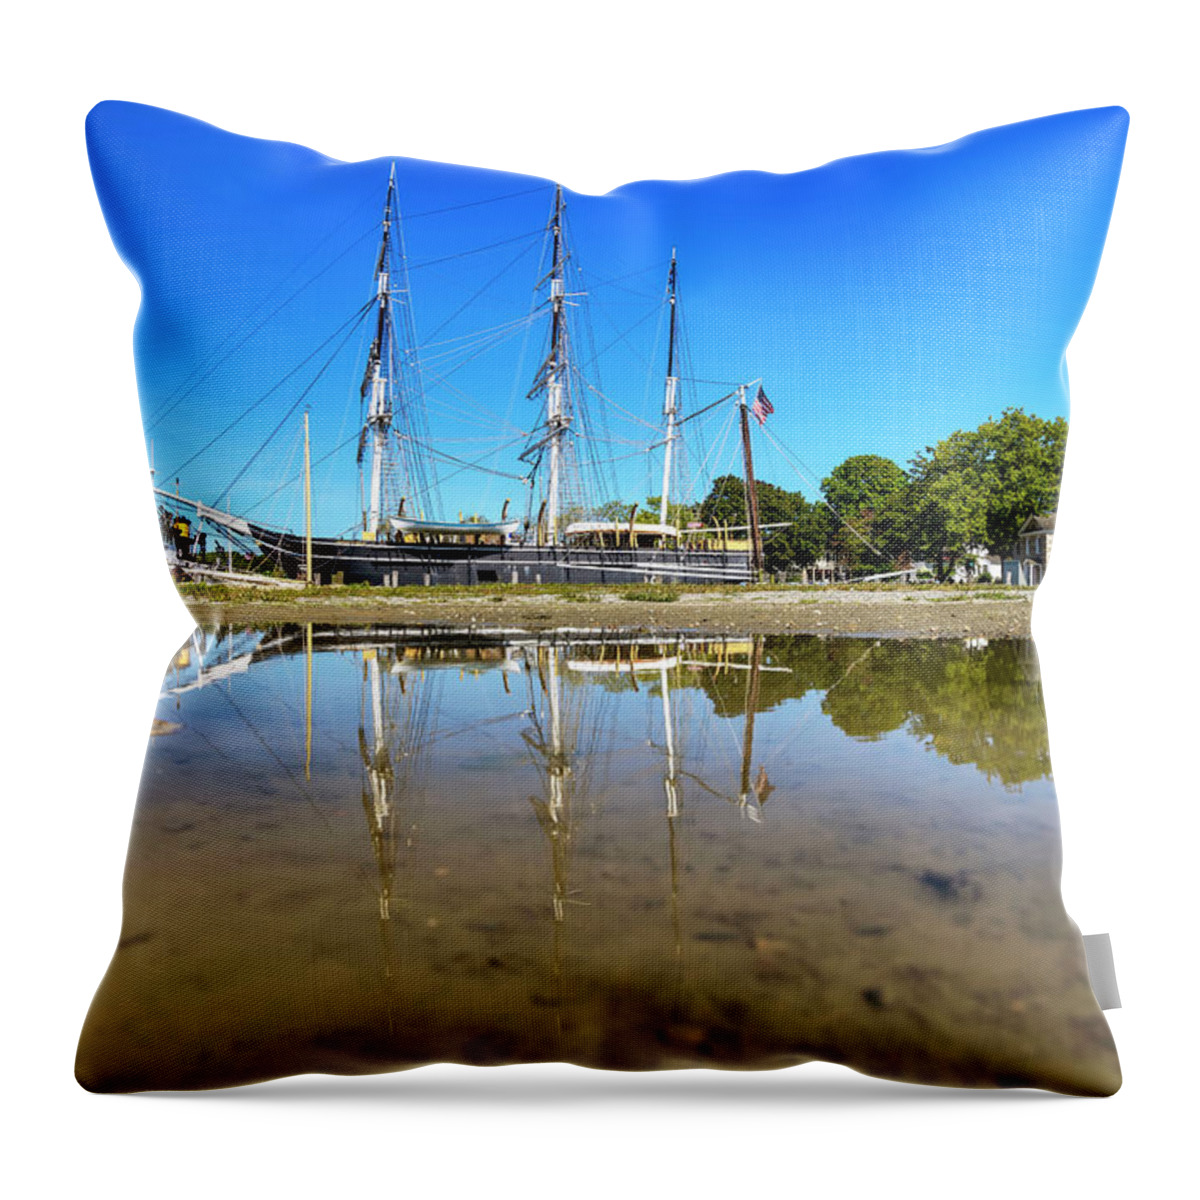 Estock Throw Pillow featuring the digital art Connecticut, Mystic Seaport Museum, Open Air Museum. by Claudia Uripos
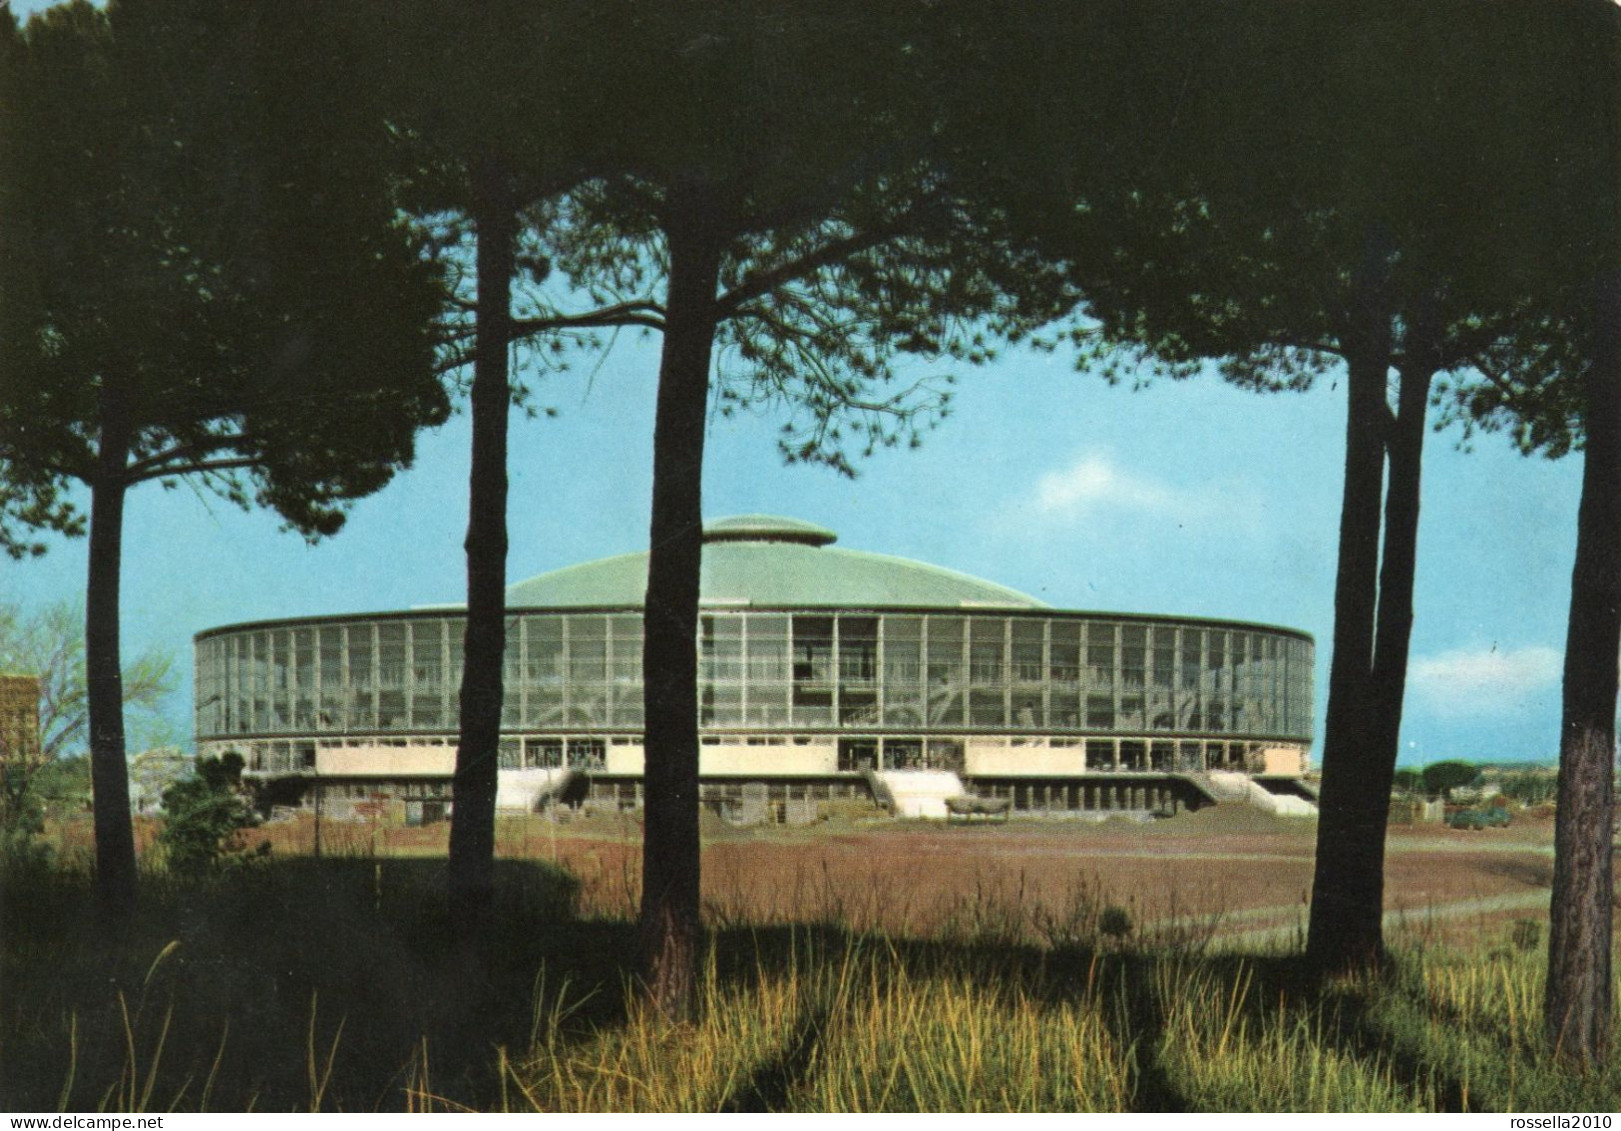 CARTOLINA  ITALIA 1966 ROMA EUR PALAZZO DELLO SPORT Italy Postcard ITALIEN Ansichtskarten - Estadios E Instalaciones Deportivas
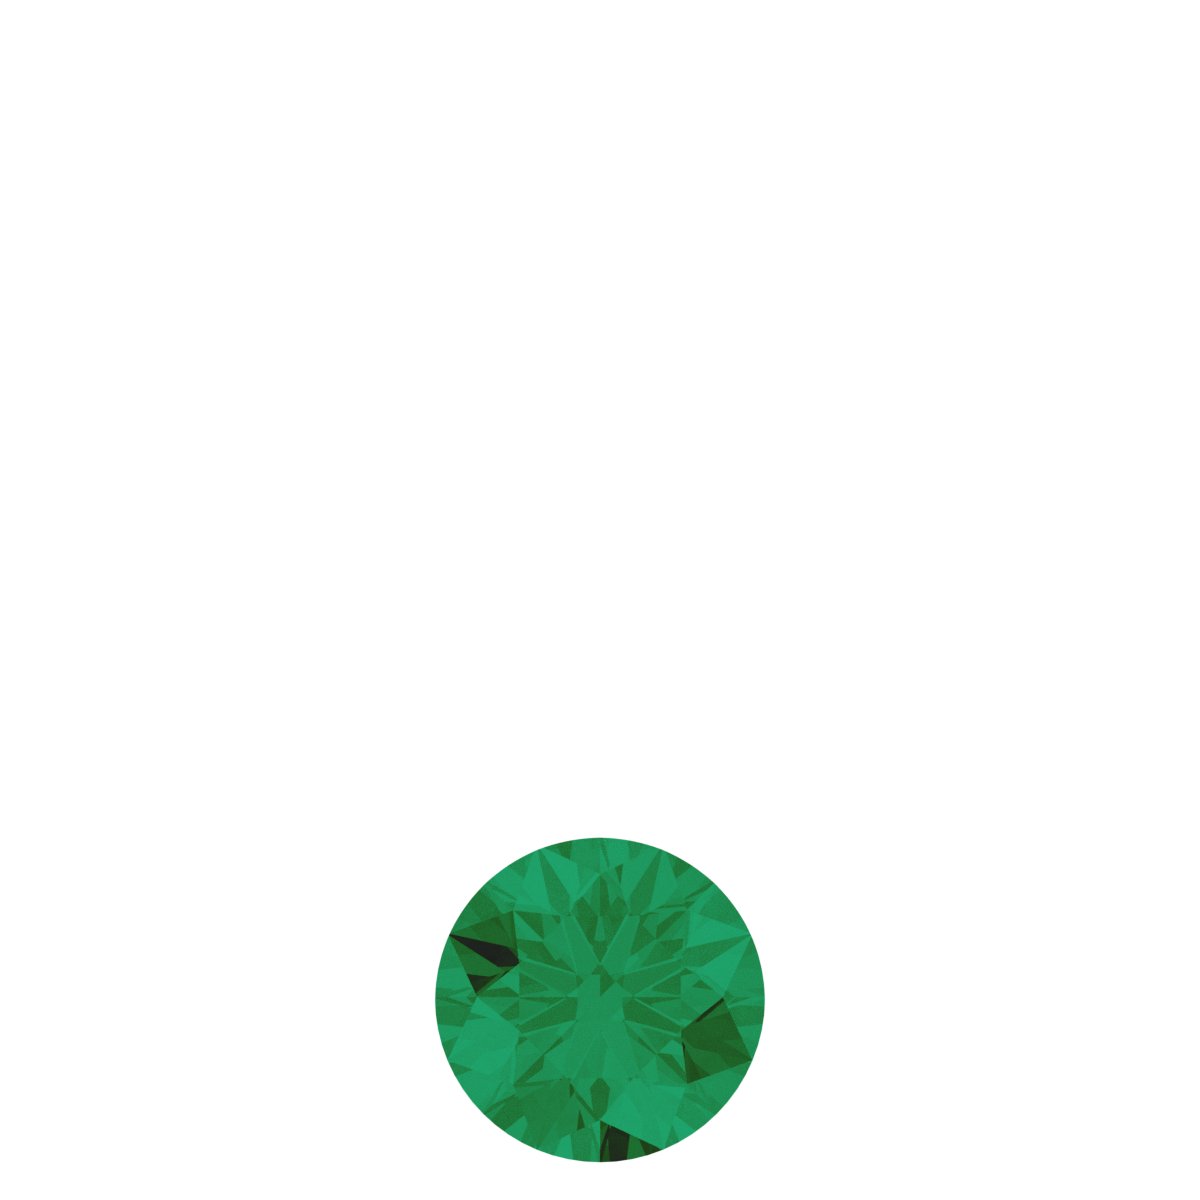 14K Yellow Lab-Grown Emerald Charm/Pendant

■ HOW TO COMPLETE THIS TASK
Output the data exactly as it appears. The pictures do not belong in it.

■ REPLY
 Estock Throw Pillow featuring the digital art Connecticut, Mystic Seaport Museum, Open Air Museum. by Claudia Uripos
 CARTOLINA  ITALIA 1966 ROMA EUR PALAZZO DELLO SPORT Italy Postcard ITALIEN Ansichtskarten - Estadios E Instalaciones Deportivas
 14K Yellow Lab-Grown Emerald Charm/Pendant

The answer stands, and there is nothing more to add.